Ils ont quatre, deux, voire trois roues, et rythment bien souvent le déplacement professionnel. «Taxi», «moto-taxi», «société de transport de personnes» : les appellations changent, et avec elles évoluent les règles du transporteur, comme le vécu du transporté. Pourtant, le principe semble simple, au moins dans l’œil du voyageur d’affaires : aller d’un point A à un point B, en économisant autant que faire se peut son temps et son argent. Mais depuis quelques temps, pas une semaine ne se passe sans que le monde du taxi - au sens large, s’entend - ne fasse parler de lui : nouvelle réglementation pour les motos, "concurrence déloyale" pour les sociétés de transports de personnes, voire escroquerie pour certains "canards boiteux" à Marseille. Entre un secteur qui roule à toute allure vers une offre plus variée, et la lutte des chauffeurs « traditionnels », qui tirent le frein à main pour conserver leur monopole, à quel siège le voyageur d’affaires peut-il se vouer ?

A partir du 1er avril, gare à l’improvisation pour les professionnels qui misent sur la rapidité en optant pour la moto-taxi : la nouvelle réglementation impose à leurs conducteurs une réservation préalable, sous peine d’une grosse amende, voire bien pire. Les comptoirs moto-taxis d’Orly Ouest sont même en voie de disparition : ils devraient fermer leurs portes à la fin de l’année. Autre option, autre polémique : les sociétés de transports de personnes font les frais de la fronde des taxis, qui dénoncent une forme de concurrence déloyale. Cette semaine, une société «low cost» du Vaucluse s’est vu retirer l’une de ses licences.

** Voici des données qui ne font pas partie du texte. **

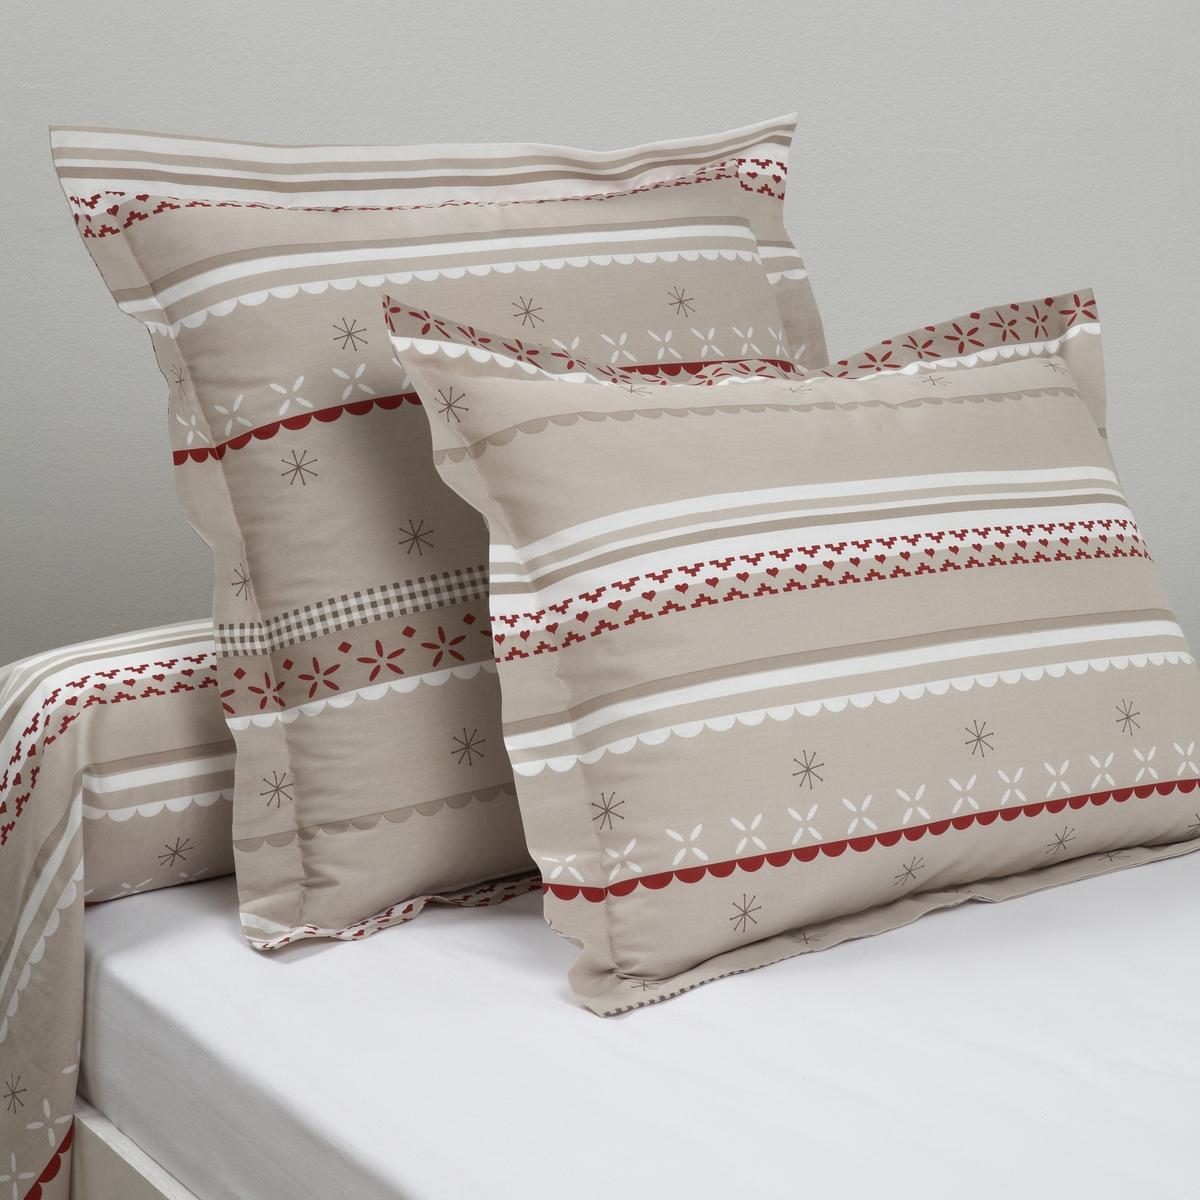 Наволочка на подушку-валик с принтом, Tyrol наволочка на подушку валик fougeras

Derrière ces décisions, le poids du «lobby» que dénoncent les nouveaux acteurs du marché semble assez évident. Mais la lutte des taxis pour défendre leur profession et le strict carcan qui l’encadre apparaît logique, voire louable. Le manque de réglementation vis-à-vis des moto-taxis a donné lieu à des excès – on pense notamment aux échauffourées entre conducteurs devant la gare de Lyon – et la sécurité du voyageur ne peut pas être sacrifiée sur l’autel de la libéralisation des services. Il fallait donc une règle : les autorités ont opté pour la rigueur, en interdisant le «racolage» devant les gares et les aéroports, et en imposant une limite de quatre ans aux véhicules. La sévérité des sanctions devrait prévenir tout manquement, même si les conducteurs évoquent le recours à la clandestinité.

Et le client dans tout ça ? Le recours à une offre plus rapide, comme les moto-taxis, ou moins onéreuse, comme les sociétés low-cost, attire forcément la clientèle des voyageurs, n’en déplaise aux taxis. Pourtant les règlementations et autres décisions de justice ne permettent pas, pour l’instant, d’y voir plus clair dans ce marché de plus en plus dense, de plus en plus confus. Il reste à apprécier, dans la pratique, l’efficacité de la nouvelle réglementation. Et à guetter, dans un futur plus ou moins proche, la place qui sera faite aux sociétés de transports de personnes dans ces règles encore confuses, parfois hypocrites. Car si les services se diversifient, fournissant une offre de plus en plus large, la demande est toujours au rendez-vous, et les prestations diffèrent : le moto-taxi qui facture la vitesse, selon une prestation forfaitaire, ne répond pas au même besoin que les taxis traditionnels, ou les navettes fournies par les hôtels. Il faudra trouver l’encadrement ad hoc, pour mettre en rapport des demandes variées et une offre en évolution, tout en garantissant des prestations fiables, honnêtes, et adaptées. Il y a semble-t-il de la place pour tous, en tous cas pour tous les prestataires sérieux, chacun dans leur domaine. Encore faut-il désormais leur assigner la bonne, pour ne pas laisser le voyageur d'affaire faire du stop.